The would-be write-in president


INTERVALE, N.H. — This story is seldom told, even less often remembered, almost certain never to be repeated. It is the story about a brand of politics long forgotten, about a political world long vanished, about a political tactic long abandoned.

And yet this story illuminates so much about our current politics that it deserves to be retrieved from history and retold at its 50th anniversary.

On the surface it is a story about how an American ambassador in a strife-torn faraway land rocked the political world by pulling off a New Hampshire primary victory against the two most famous political figures of his party.

This is the story about how Henry Cabot Lodge, Jr. — defeated by John Kennedy in one of the signature Senate races of the century in 1952, defeated again by Mr. Kennedy and Lyndon Johnson when he was Richard Nixon’s running mate in 1960, and then ensconced by President Kennedy, out of political sight, in the Saigon embassy complex — won New Hampshire a half-century ago Monday without even stepping into the state.

American politics has a long tradition of front-porch campaigning, particularly in the Republican Party — perfected by Ohioans James Garfield, Benjamin Harrison, and William McKinley, all of whom were elected to the White House without stepping far beyond their front porches. But the 1964 New Hampshire primary was won by a Republican who slipped in through the back door.

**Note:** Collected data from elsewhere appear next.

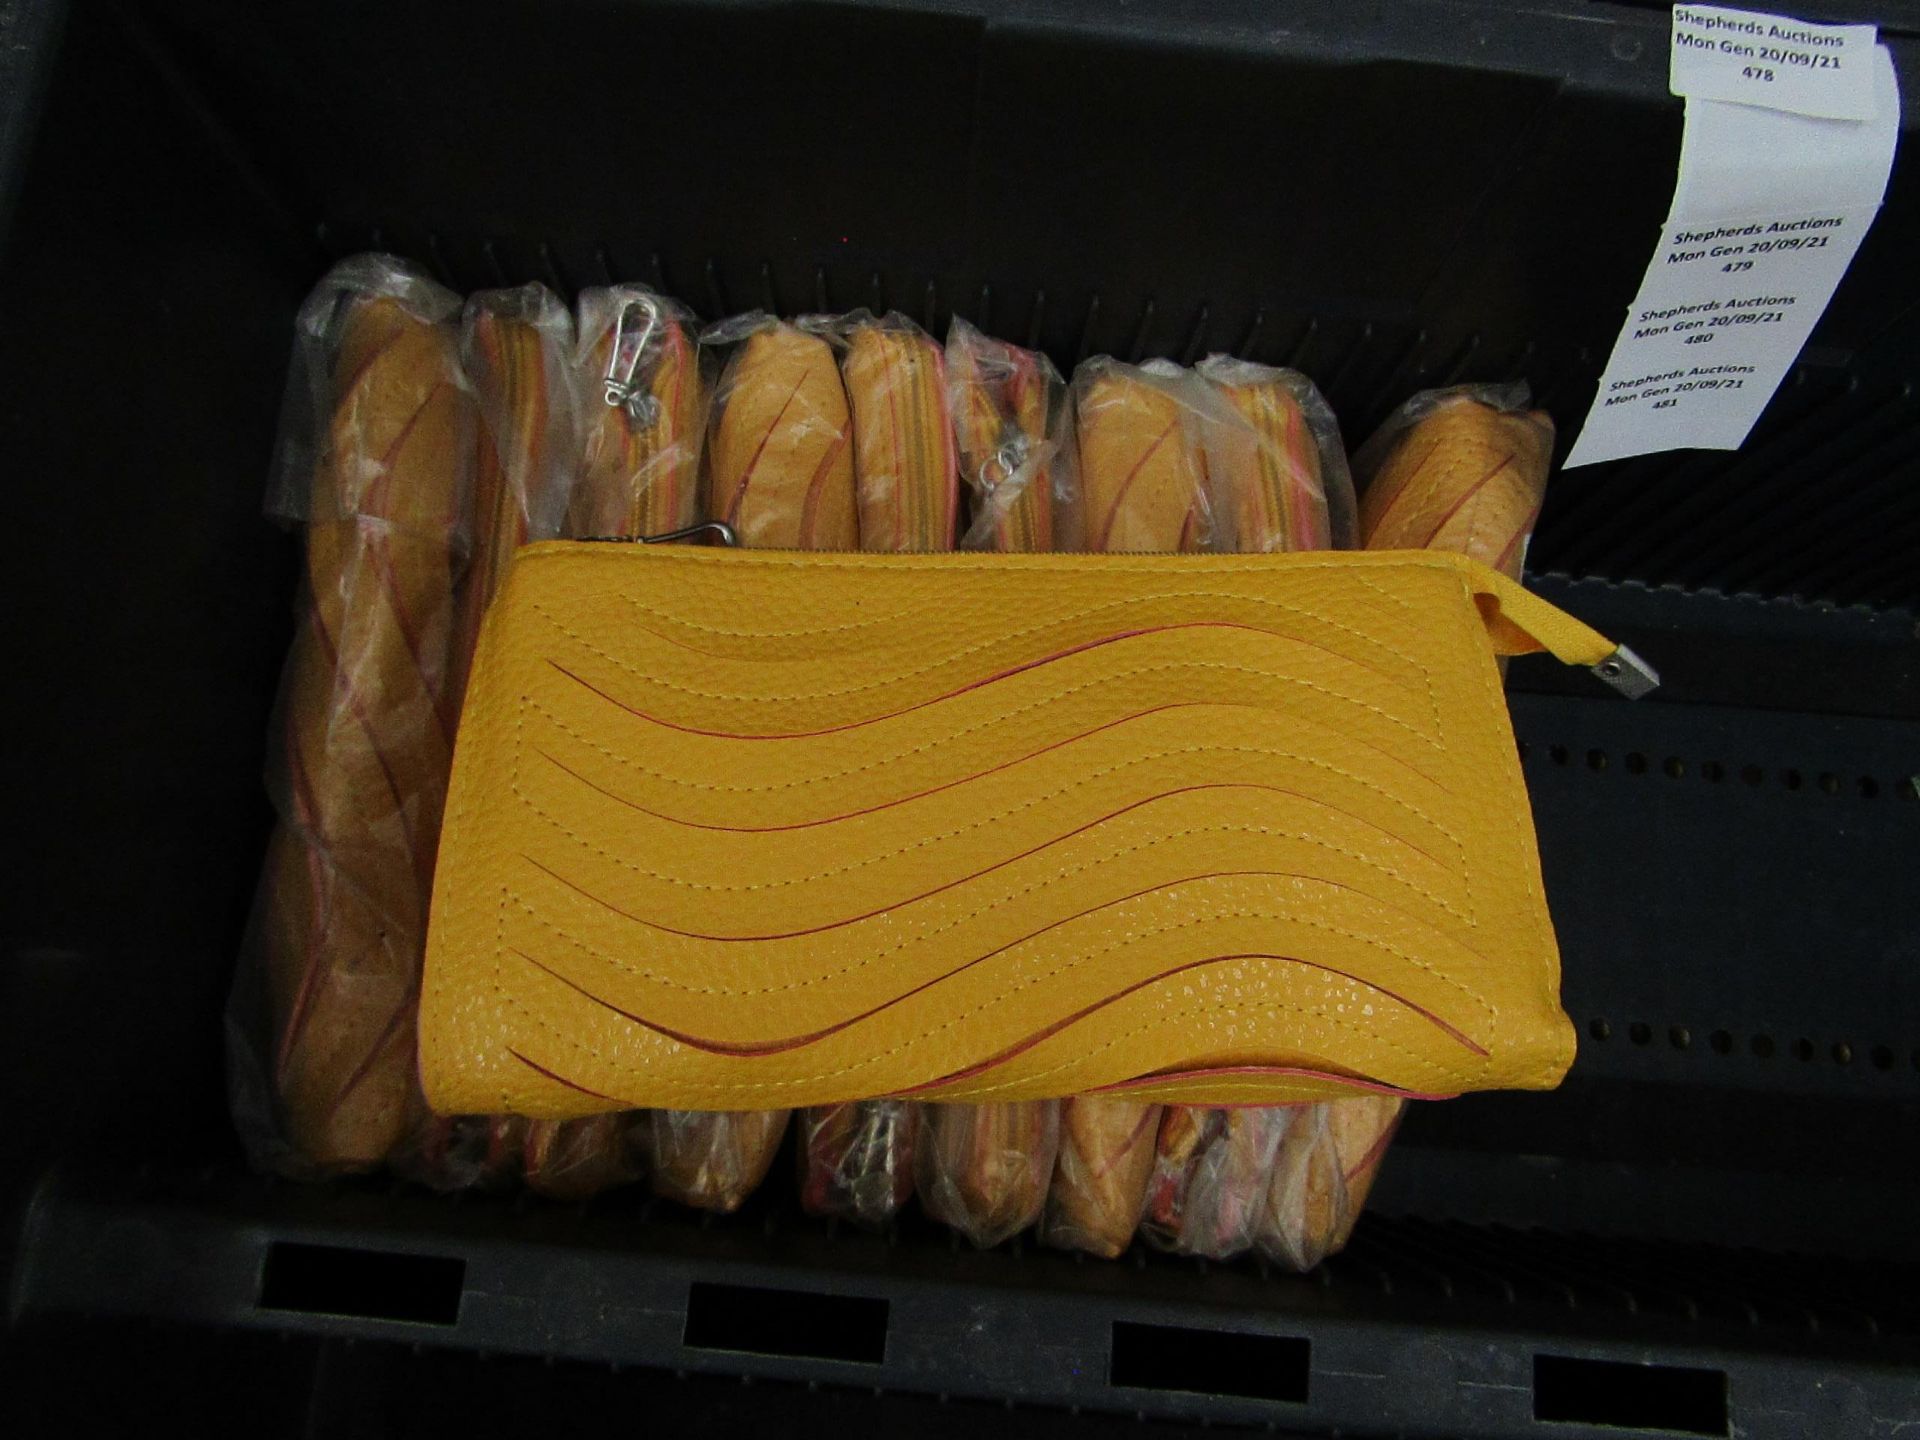 10x Yellow Clutch Purse with Handbag Strap - New & Sealed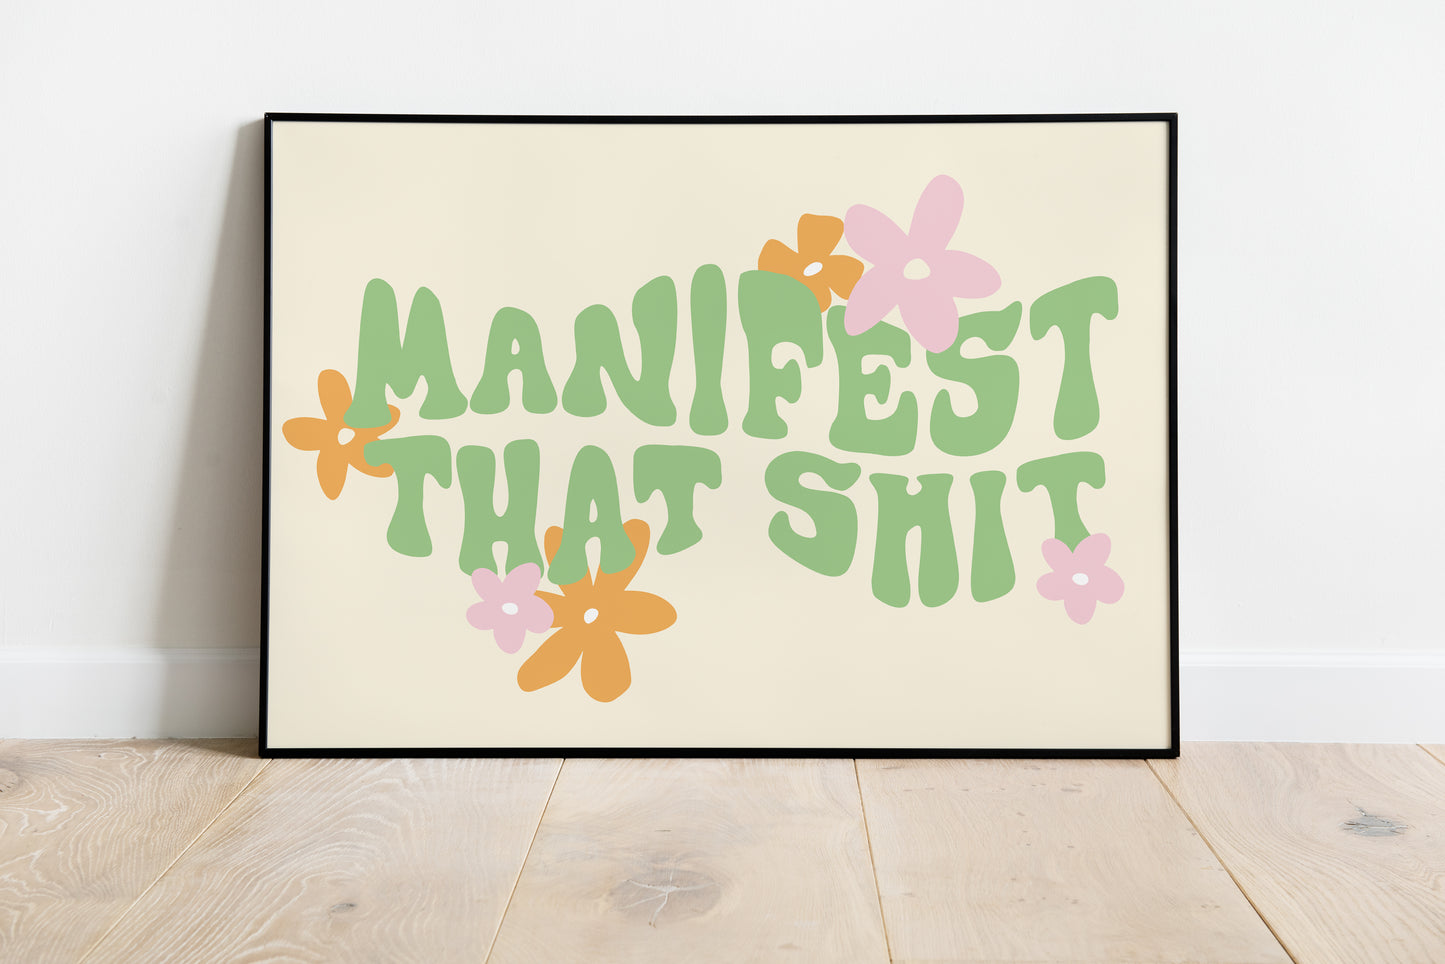 Manifest That Shit Print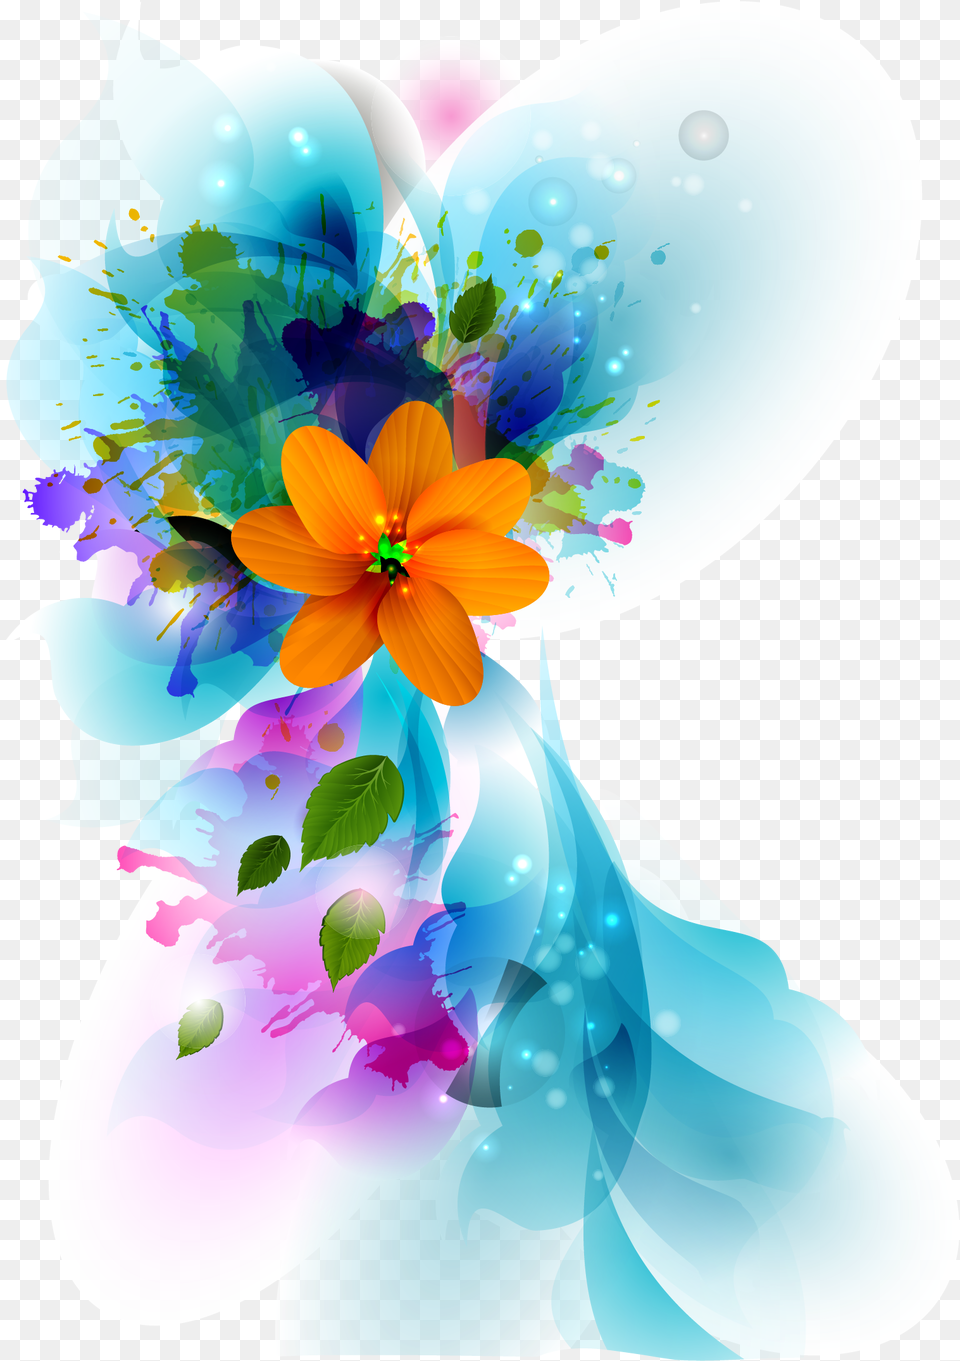 Color Wallpaper Encapsulated Flora Flower Vector Background, Art, Floral Design, Graphics, Pattern Png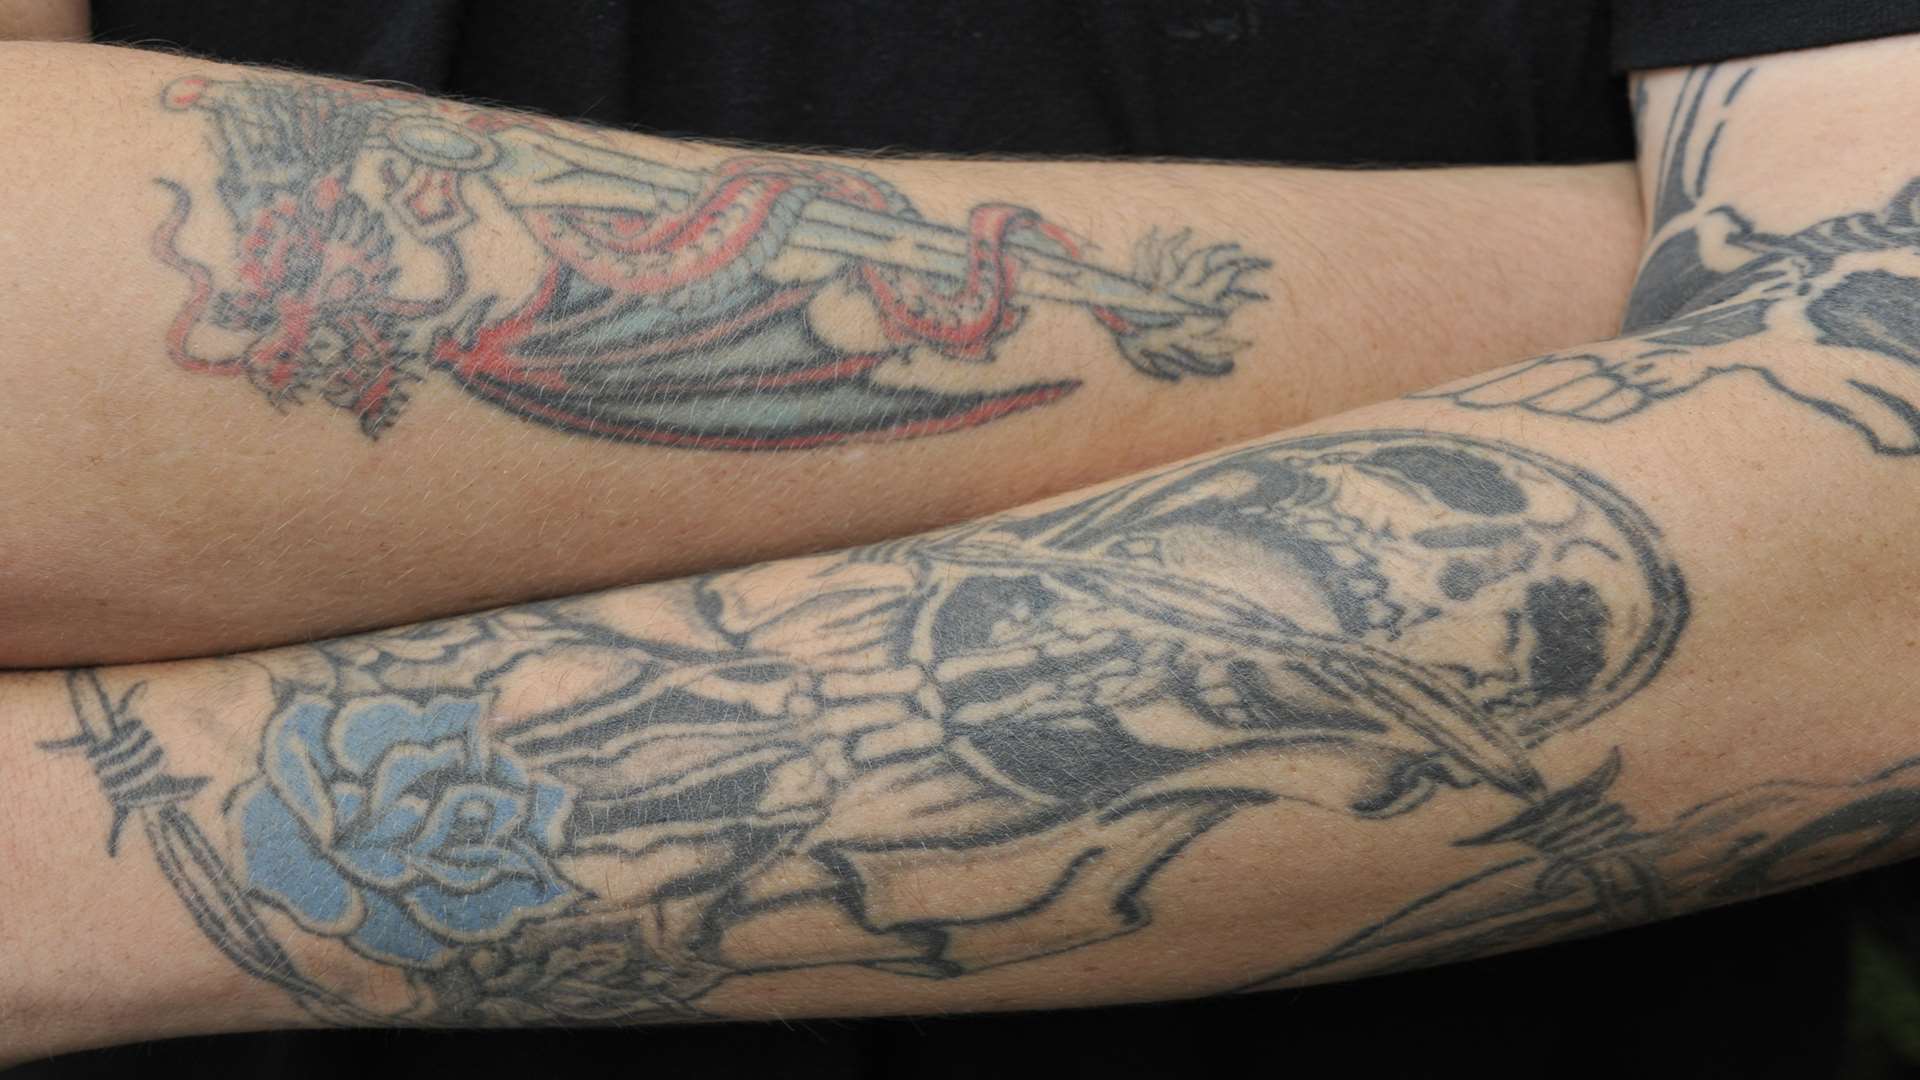 This burnt hand that reveals a fresh tattoo underneath : r/mildlyinteresting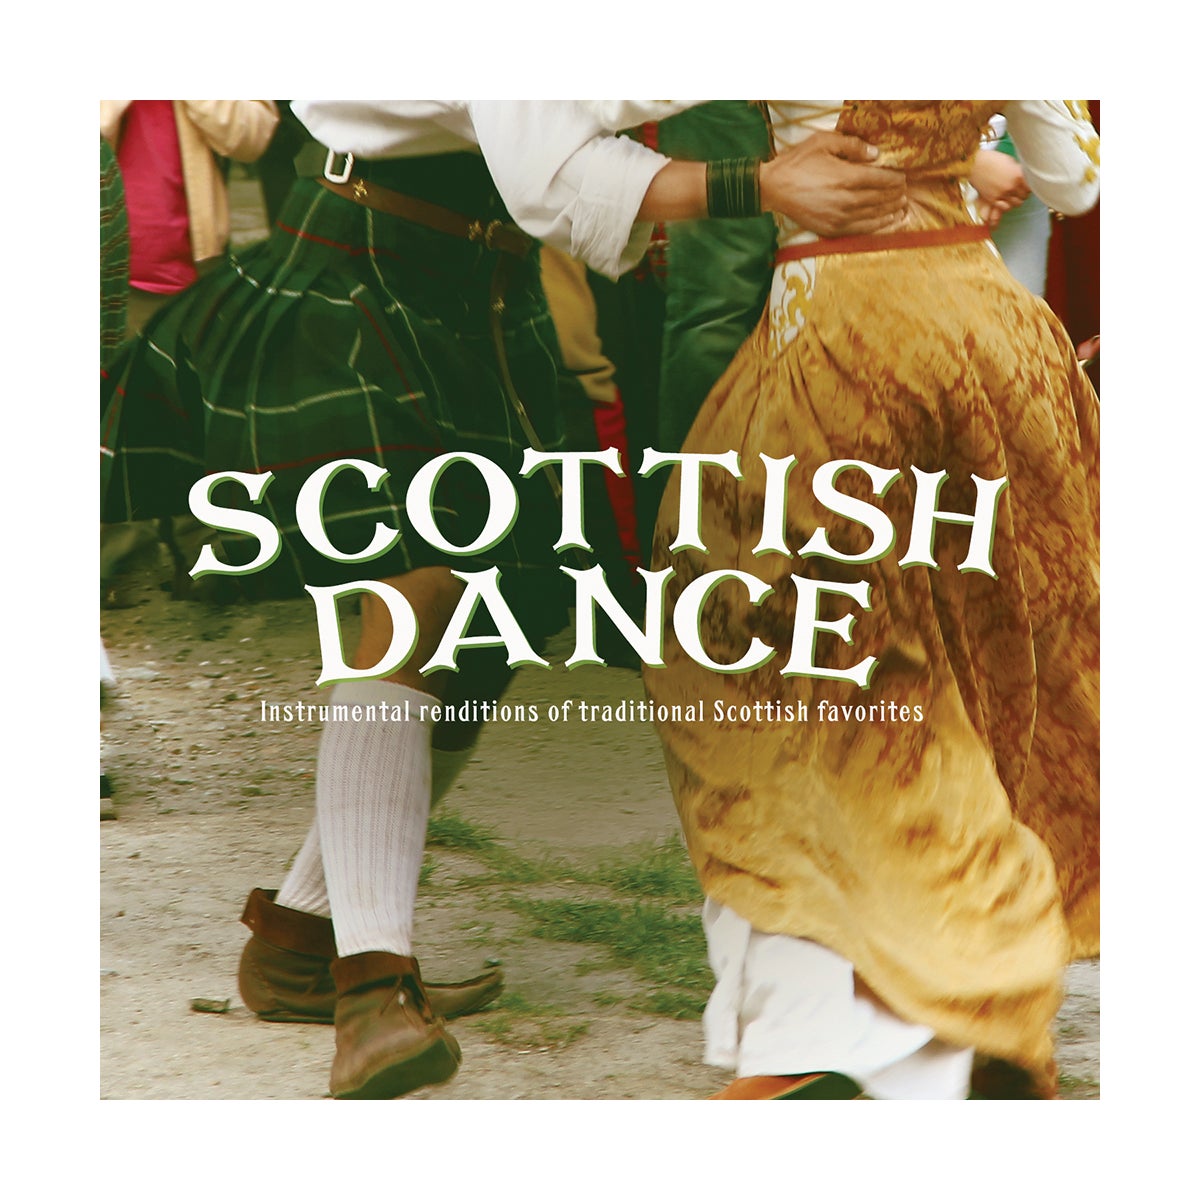 Scottish Dance: Instrumental renditions of traditional Scottish favorites

That back door was unguarded because of the gaudy spectacle played out for months in the rocky, mountainous front yard of New Hampshire politics, where the classic moderate of his time — Nelson Rockefeller — clashed with the classic conservative of his time — Barry Goldwater.

For weeks, these two giants crossed the state, then populated by only slightly more than half a million people, not yet transformed by the Yankee Magazine ethos into an enclave of the quaint and the cute, and still dominated by textile mills and the shoe industry.

It didn’t help either candidate’s case that each possessed a manner — as opposite in style as it was in ideology — that was slightly out of tune in a state whose politics then moved to the rhythm of a Broadway show, perhaps Brigadoon, which sometimes is employed as a metaphor for the quadrennial pageant and performance art of the primary here.

This environment — dominated by two established political figures working from their established playbooks — was peculiarly suited to an insurgency, engineered by four amateurs in search of “something fun and exciting to do.”

They put down $400 to rent a Concord storefront, hired a sign painter for $162, sent out 96,000 letters, and spent $750 on a crude “documentary” on the life of Mr. Lodge, still safely tucked away 10,000 miles from Manchester.

“This write-in thing came pretty much out of nowhere,” said state Rep. David Hess of Hookset, the deputy Republican leader of the state House. He, as a Dartmouth University senior, had been recruited by the college dean to organize the northern third of Grafton County for Mr. Rockefeller. “It swept everyone away. Rocky and Barry were left behind — and it was a shocker, even to those of us on the ground. There’s never been anything like it.”

The primary ballot that year was a foot and a half in length, with 125 delegates listed. Voters who had been urged to make an independent choice turned out in droves for Mr. Lodge. He received 36 percent of the vote, topping Mr. Goldwater (22 percent) and Mr. Rockefeller (21 percent).

Mr. Goldwater went on to win the nomination, Mr. Rockefeller to serve as vice president. And Mr. Lodge? He served as head of the American delegation at the Vietnam peace talks and died 29 years ago, his adventure in national politics long unremembered.

David Shribman is executive editor of the Pittsburgh Post-Gazette.